# Brief:
Exact copy, no pictures: output each line below as it stands.
(Collected data Opens)
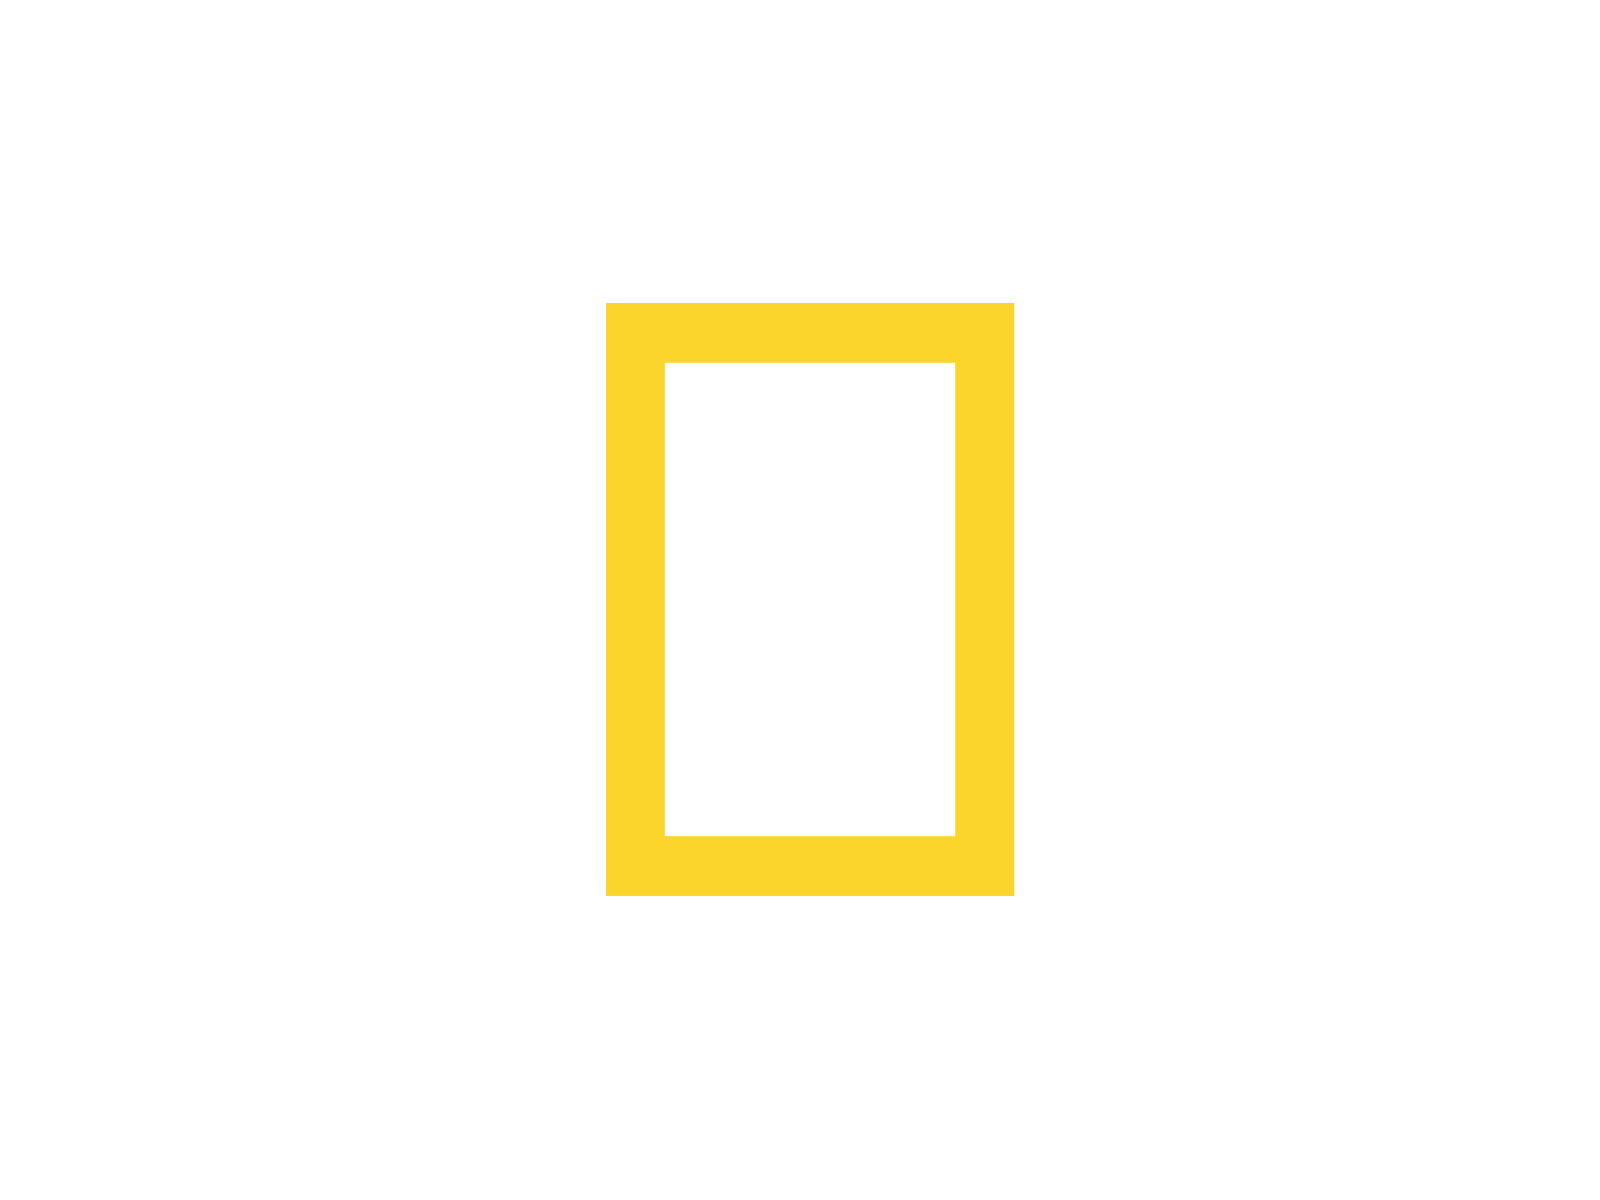 Yellow Square with Channel Logo - National Geographic logo
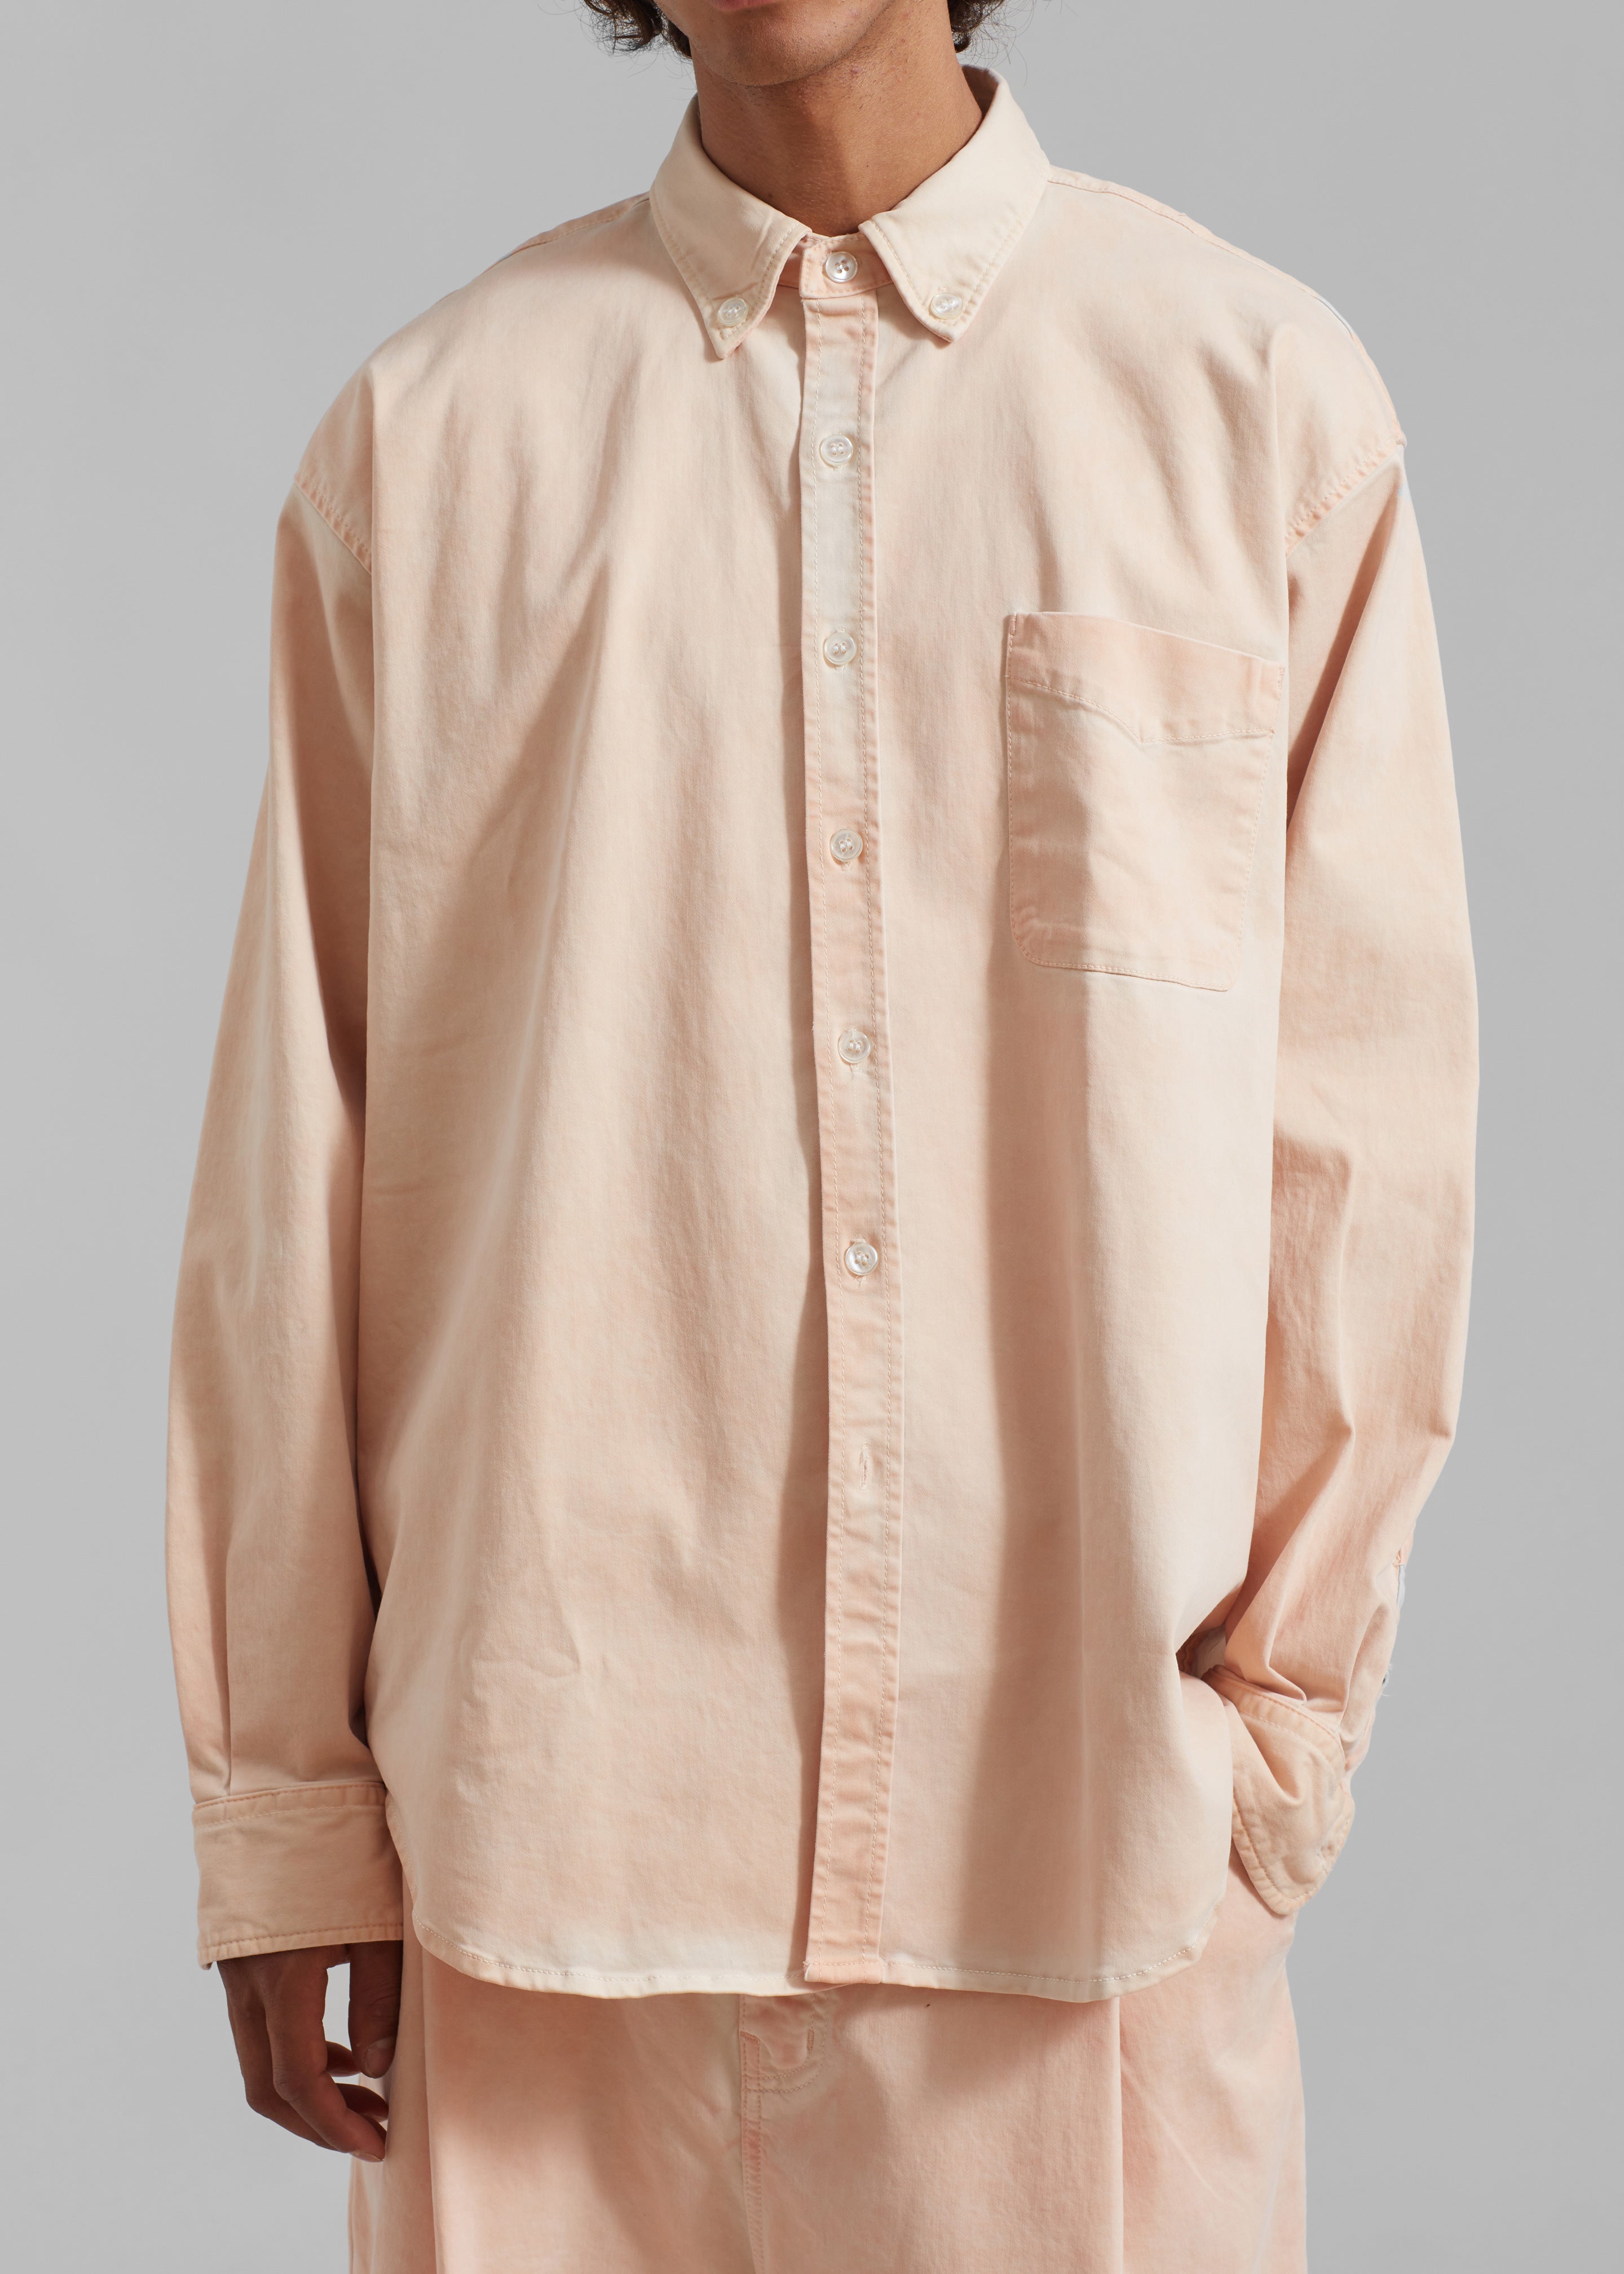 Sinclair Shirt - Faded Pink - 3
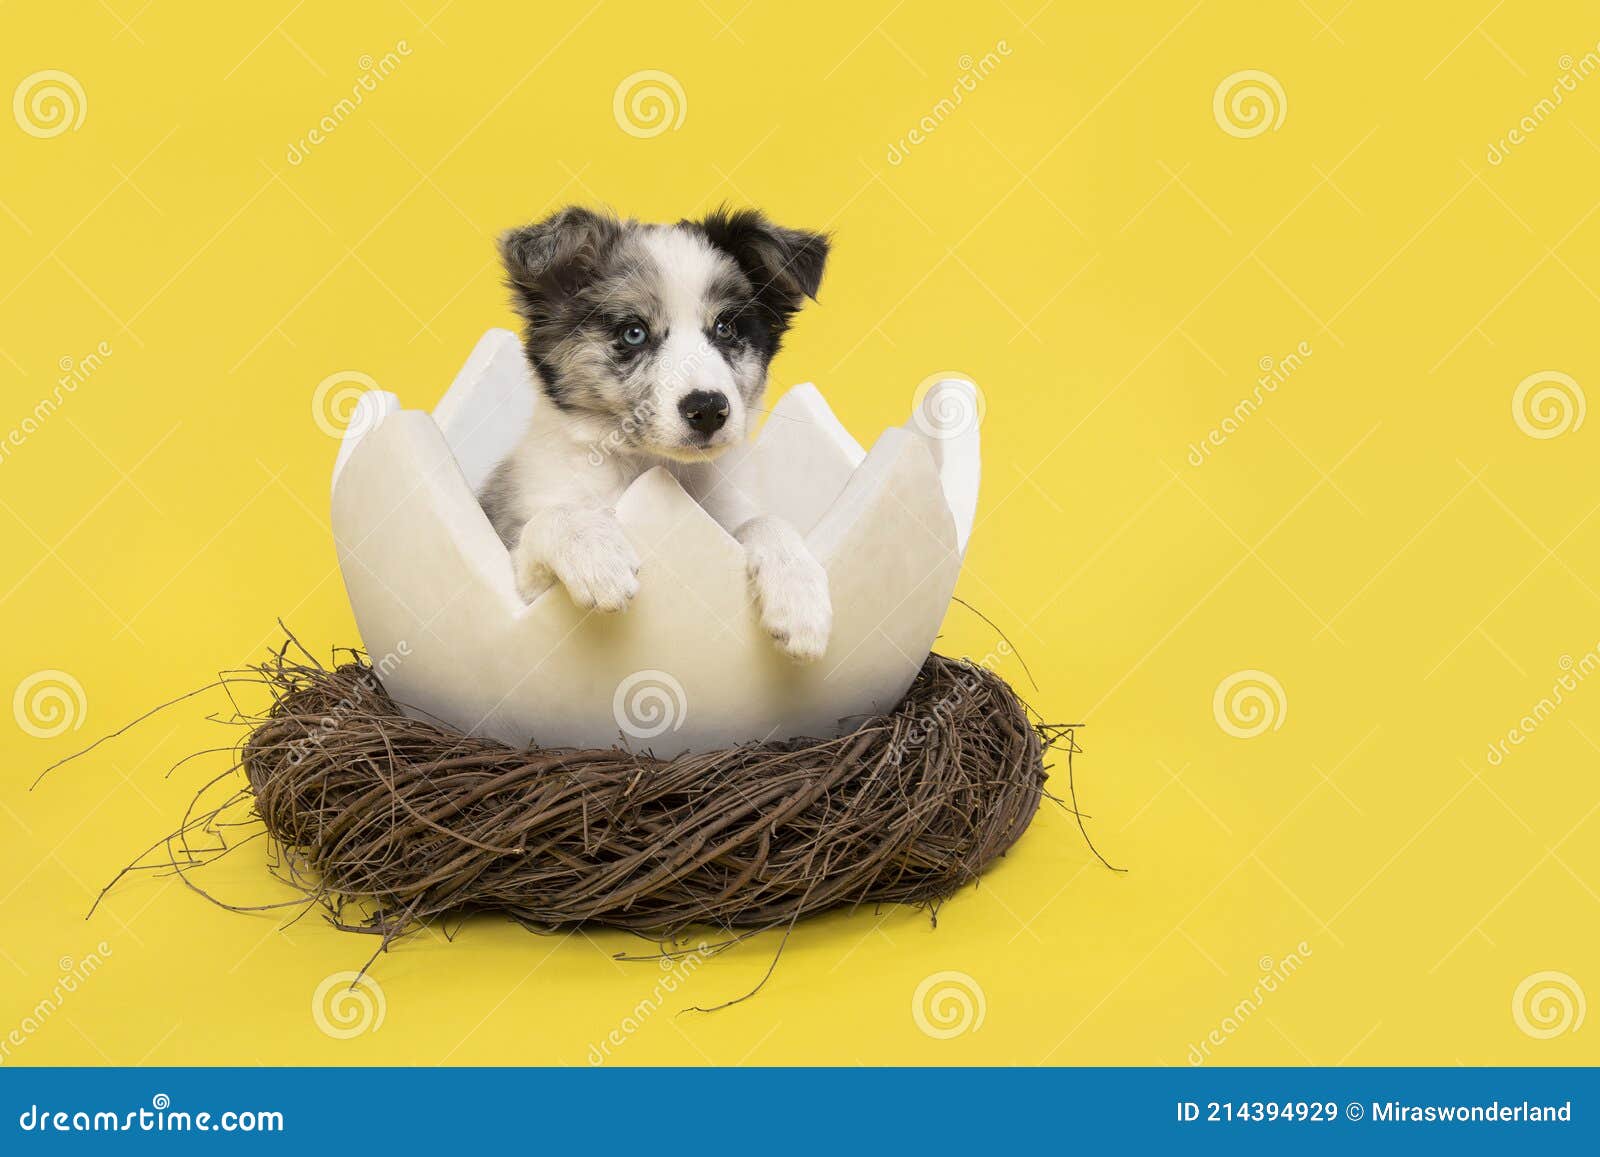 aankunnen In zoomen Shipley Border Collie Puppy in a Easter Egg Shell in a Animals Nest on a Yellow  Background in a Vertical Image with Space for Copy Stock Image - Image of  young, nest: 214394929
(Collected data Closes)
# Final answer:
 Yellow Square with Channel Logo - National Geographic logo
 Sinclair Shirt - Faded Pink - 3
 aankunnen In zoomen Shipley Border Collie Puppy in a Easter Egg Shell in a Animals Nest on a Yellow  Background in a Vertical Image with Space for Copy Stock Image - Image of  young, nest: 214394929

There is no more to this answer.